Amendment To Regulation That Converted A Labor Certification Of "Indefinite" Validity To One Of 180-Day Validity Was Not A Retroactive Application Of The Amendment In That It Did Not Impair Any Vested Right

DURABLE MANUFACTURING CO. v. UNITED STATES DEPARTMENT OF LABOR (August 18, 2009)

Congress has specified a process under which an employer is allowed to obtain a visa for an alien worker. Before the government can issue a visa to such an alien, it must have issued a labor certification. A labor certification is a statement by the Secretary of Labor that there are insufficient qualified workers available to perform specific work and that the hiring of an alien to perform the work will not adversely affect wages and working conditions. In the past, labor certifications were generally valid indefinitely. The regulations were amended, effective July 2007, to provide that a labor certification was only valid for 180 days from the date of the certification. A number of employers who had received labor certifications and the aliens who were to be hired filed suit, alleging that the agency acted beyond its authority in amending the regulation or, alternatively, that it should not have been applied retroactively. The district court granted summary judgment to the government. The employers and aliens appeal.

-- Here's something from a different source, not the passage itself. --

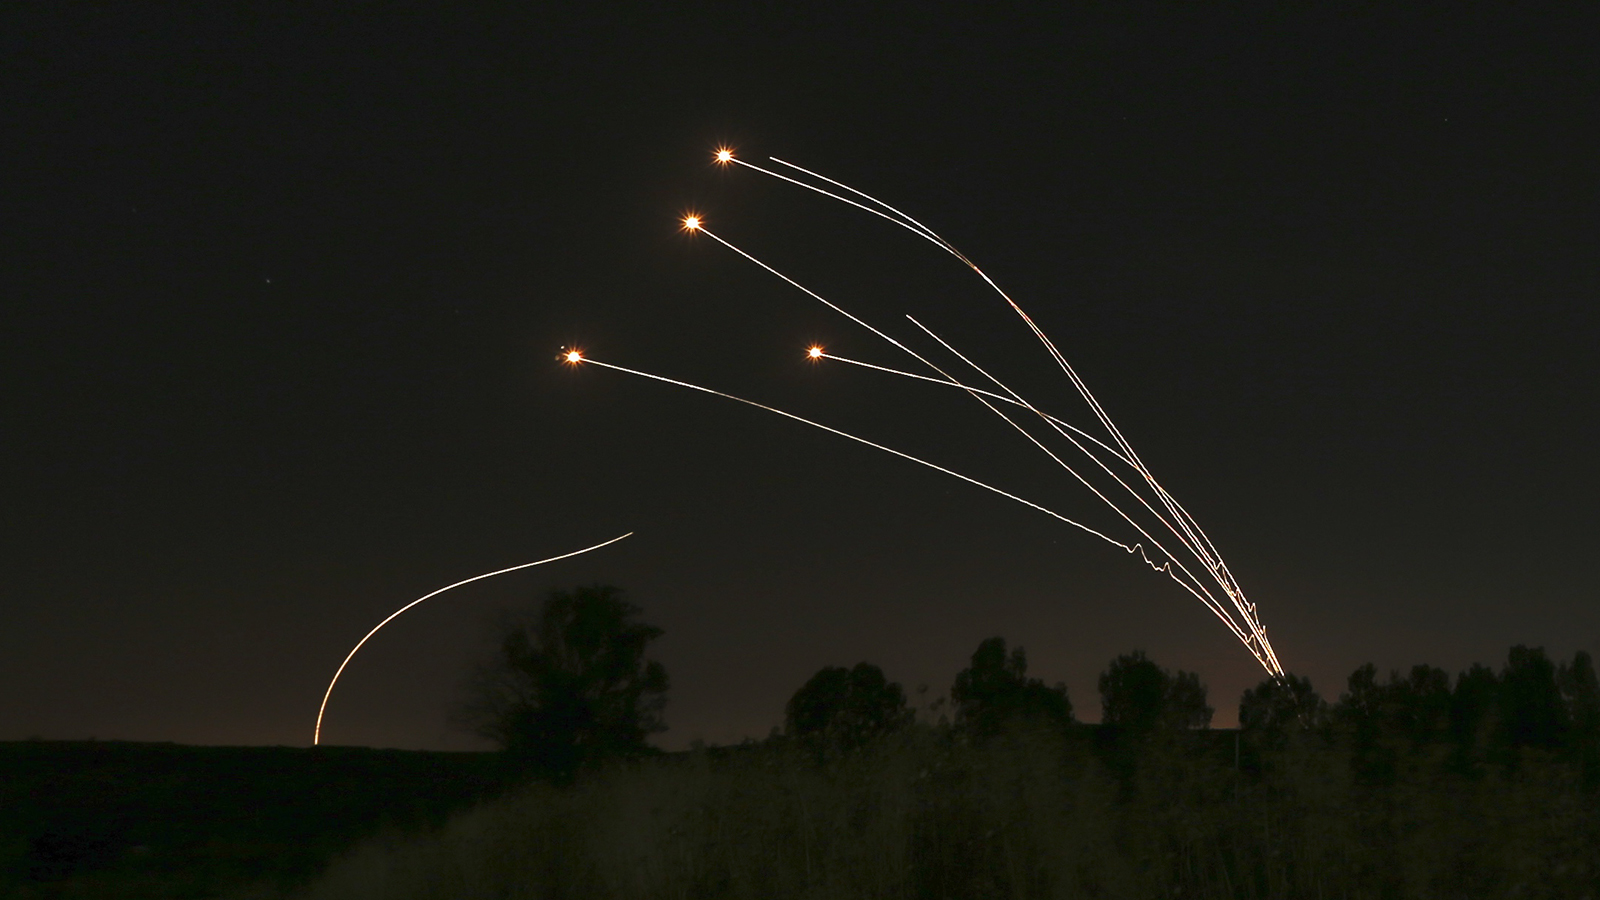 In this May 4, 2019, file photo, Israeli air defense system Iron Dome takes out rockets fired from Gaza near Sderot, Israel. The Israeli Defense Ministry said March 16, 2021, that the Iron Dome air defense system has been upgraded and is now capable for intercepting rocket and missile salvos as well as simultaneous attacks by unmanned aerial vehicles. (AP Photo/Ariel Schalit, File)

In their opinion, Judges Manion, Rovner and Tinder affirmed. The Court looked to both the language of the statute and its purpose in order to determine whether the agency acted within its authority in amending the regulation. Here, the statute actually requires the Secretary of Labor to certify the labor supply "at the time of" the visa application. The earlier version of the regulation did not address this temporal requirement -- the amendment does. The amended regulation also promotes the purposes of the statutory scheme by ensuring that the visa determinations are based on current labor market indicators. The Court concluded that the agency was within its authority in promulgating the amendment. With respect to the argument that the amendment was an illegal retroactive rulemaking, the Court concluded that the amendment did not, in fact, have retroactive application. Under the Supreme Court's decision in Landgraf, an amendment only has retroactive effect if it "would impair rights a party possessed when he acted, increase a party's liability for past conduct, or impose new duties with respect to transactions already completed." Some of the certifications at issue were not approved until after the effective date of the amendment -- the amendment had no retroactive application with respect to them. With respect to the applications that were approved prior to the amendment, the plaintiffs possessed a right -- the right to a certification of "indefinite" validity. Their right was to a certification that was valid until the agency fixed a different period of validity. The amendment did nothing more and thus does not operate retroactively.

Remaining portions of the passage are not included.